From what I've seen, and done, most analysts seem to be taking something of a manual approach to timeline generation; finding "important" events and adding them manually to a spreadsheet. This is fine, but there are drawbacks. First, it's not entirely scalable. Second, as you start adding sources beyond file system data, you start adding complexity and time to the equation. In commercial consulting, time is money. For LE work, time is backlog. There's got to be a better way...seriously.

As a recap, some of where this originates is with Brian Carrier's TSK tools. Brian has some info on timelines here, in which he discusses using the "fls" tool to create a body file, which can then be parsed by mactime or ex-tip. This data can also be graphically displayed via Zeitline (note: Zeitline hasn't been updated since June, 2006). The TSK tools are fantastic for what they do, but maybe what needs to be done is to take the output of fls to the next level.

Now, something that folks (Mike, with ex-tip, and Rob, via SIFT) have done is to include Registry hive files in the timeline analysis, following the same sort of body file format as is used by fls...after all, Registry key LastWrite times are analogous to file last written/modified times. However, there are some potential shortcomings with this approach, the most notable of which is that you'll get a LOT of data that you're simply not interested in if you're getting all keys and their LastWrite times from a hive file; many of the keys within the Registry that may be modified during the course of normal operations may not be of interest to the analyst. Also, simply displaying a Registry key's LastWrite time can have little to no context regarding what actually happened; this is especially true with MRU lists. This is pretty easy to overcome, though, by adding the ability to write timeline data to RegRipper.

Okay, but what about the other sources mentioned? What about Event Logs? Event Log records may be important, but they generally don't fit the model used for the body file. Evt2Xls has been updated (after this tool was copied to the WFA 2/e master DVD and sent to the publisher) to write out the information that is necessary for timeline analysis. Other tools can also be included through the use of import filters, which is the direction Mike Cloppert went with ex-tip. However, as we start adding sources (log files, EVT files, Registry hives, network captures, etc.) we need to add additional information to our "events" so that we can differentiate items such as sources, hosts, users, etc.

As I see it, there are essentially 5 different fields that define a timeline event:

Time - MS systems use 64-bit FILETIME objects in many cases; however, for the purposes of normalization, 32-bit Unix epoch times will work just fine

Source - fixed-length field for the source of the data (i.e., file system, Registry, EVT/EVTX file, AV or application log file, etc.) and may require a key or legend. For graphical representation, each source can be associated with a color.

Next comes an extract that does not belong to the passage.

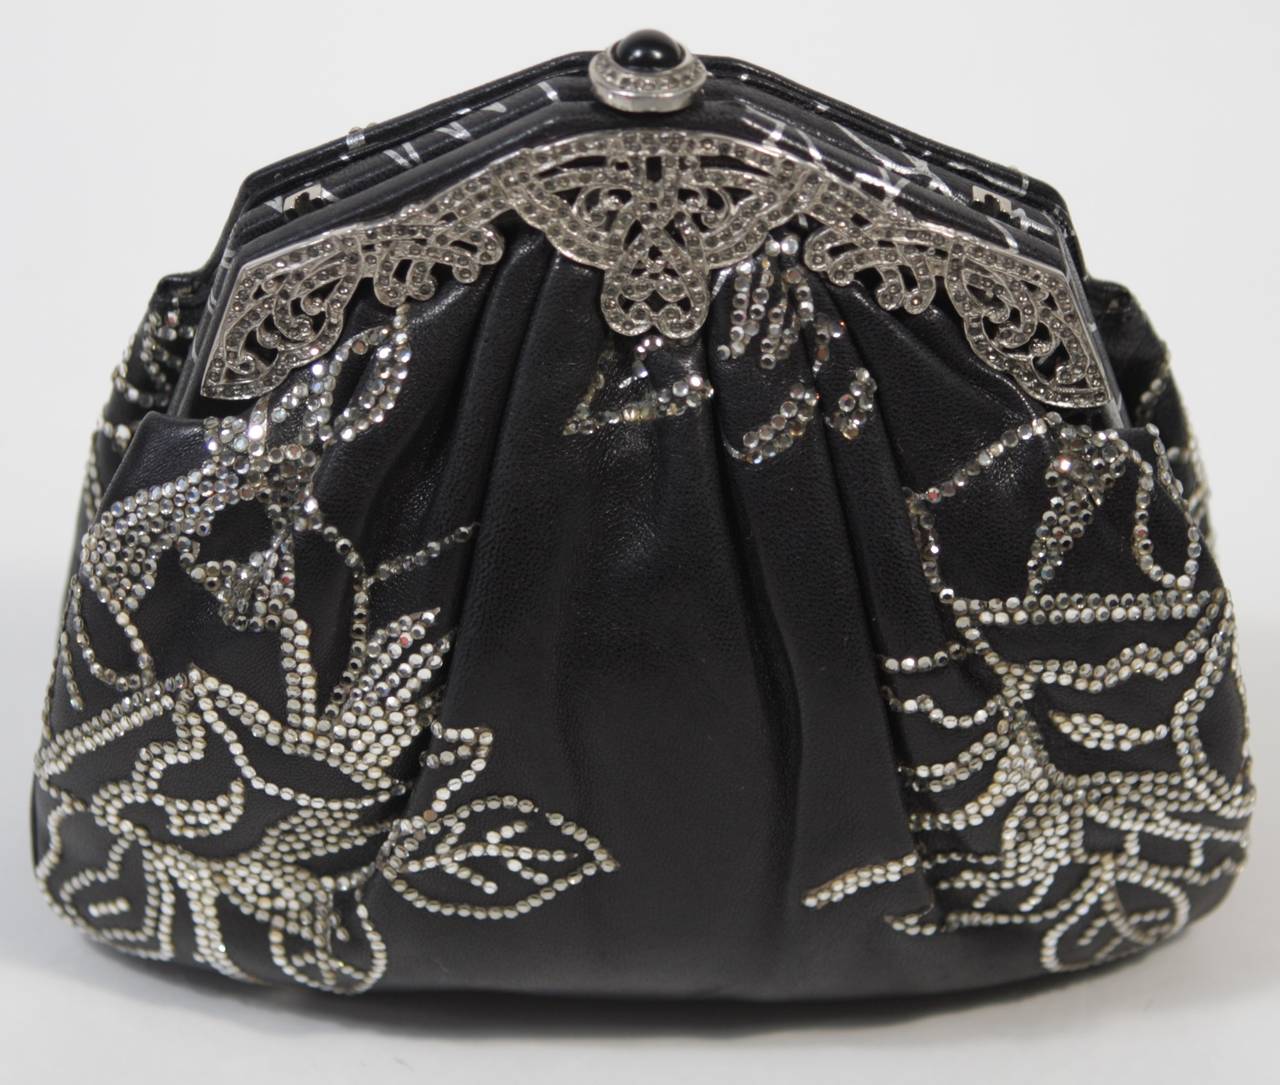 This vintage Judith Leiber is available for viewing at our Beverly Hills Boutique. We offer a large selection of evening gowns and luxury garments.

This handbag is composed of a black leather which features a rhinestone applique in a stunning

Host - The host system, defined by IP or MAC address, NetBIOS or DNS name, etc. (may also require a key or legend)

User - User, defined by user name, SID, email address, IM screenname, etc. (may also require a key or legend)

Description - The description of what happened; this is where context comes in...

Now, for the purposes of data reduction, we can also define a sixth field, called "Type". There are essentially two types of events; point or span. Point events have a single time associated with them, span events (i.e., AV scans) have a start and end time associated with them. As there are only two, this can be a binary value (a 1 or a 0). However, maybe this is getting a bit ahead of myself; what I was thinking is that I've had a number of examinations where many files in the system32 directory have had their last access times modified to within a 3 min range, and reviewing the AV application logs, an AV scan had been run at that time.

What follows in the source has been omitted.